- EXERCISE INPUT:
☆ ☆ ☆ ☆

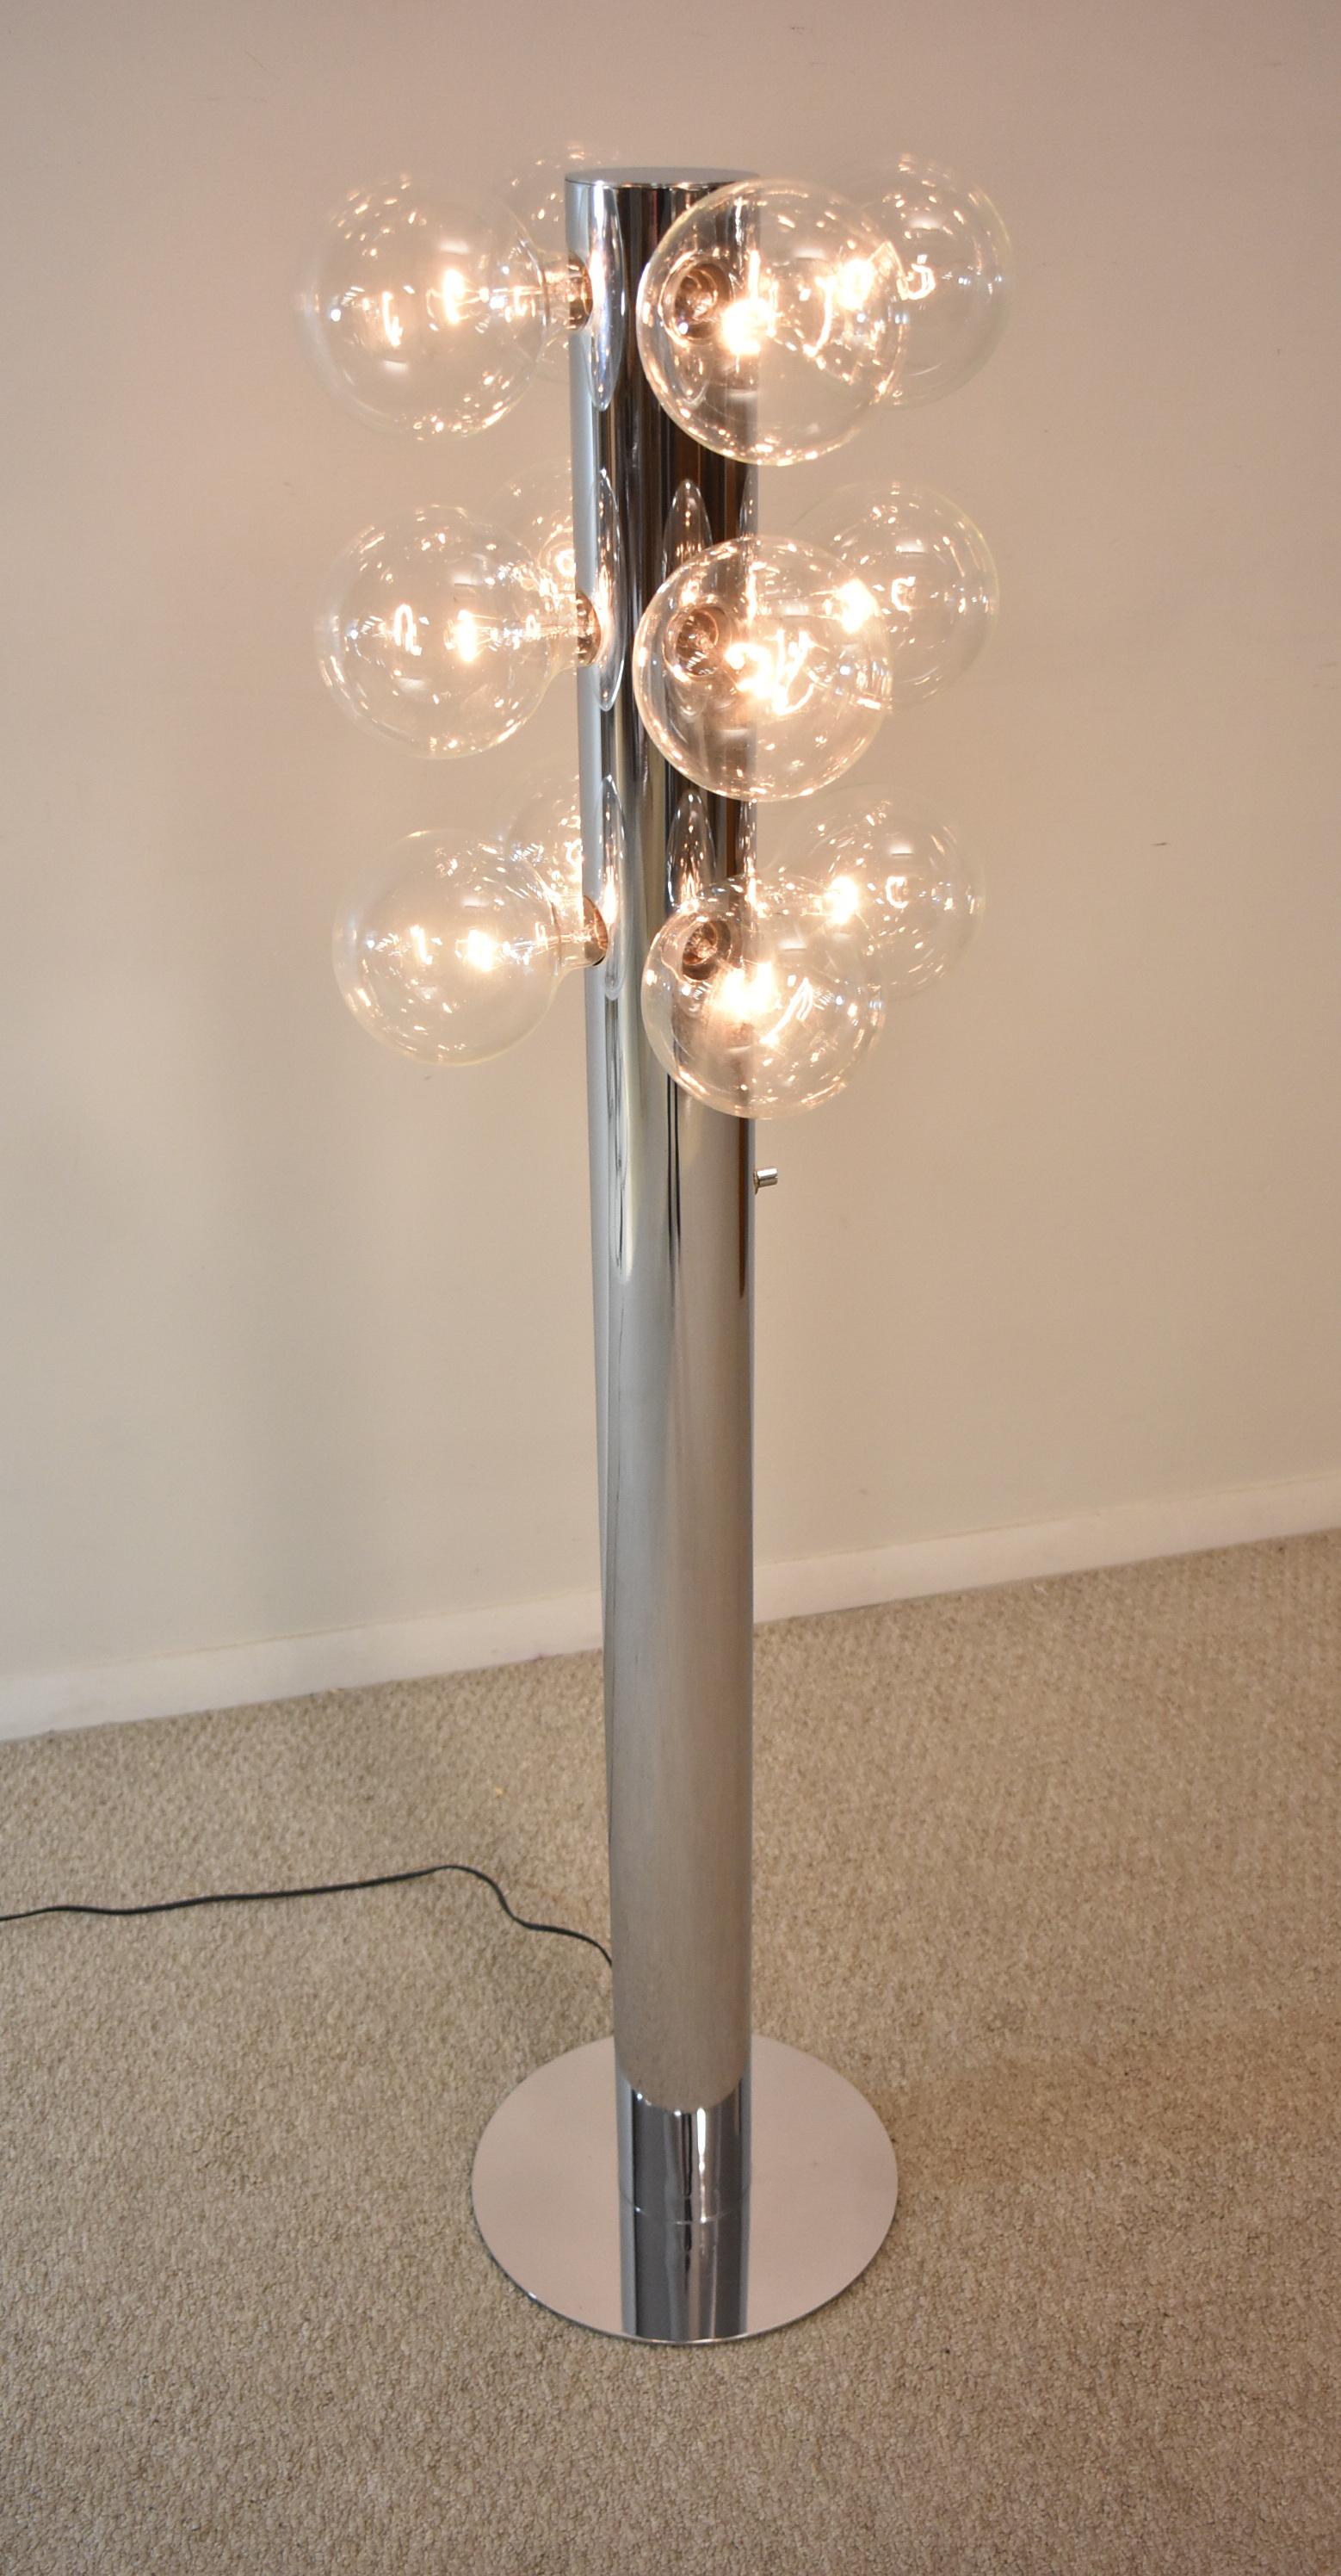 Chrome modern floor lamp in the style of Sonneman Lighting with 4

☆ ☆ ☆ ☆

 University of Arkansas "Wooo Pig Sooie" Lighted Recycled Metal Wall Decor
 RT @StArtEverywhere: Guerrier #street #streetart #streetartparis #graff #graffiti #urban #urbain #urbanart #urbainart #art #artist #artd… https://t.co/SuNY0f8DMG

☆ ☆ ☆ ☆

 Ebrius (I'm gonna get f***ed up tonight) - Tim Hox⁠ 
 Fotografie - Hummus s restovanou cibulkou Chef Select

☆ ☆ ☆ ☆

- EXERCISE OBJECTIVE:
Retype exactly the span of lines from the one with "University of Arkansas" through the one with "RT @StArtEverywhere: Guerrier"; include both ends and omit the rest of the material.

- REPLY:
 University of Arkansas "Wooo Pig Sooie" Lighted Recycled Metal Wall Decor
 RT @StArtEverywhere: Guerrier #street #streetart #streetartparis #graff #graffiti #urban #urbain #urbanart #urbainart #art #artist #artd… https://t.co/SuNY0f8DMG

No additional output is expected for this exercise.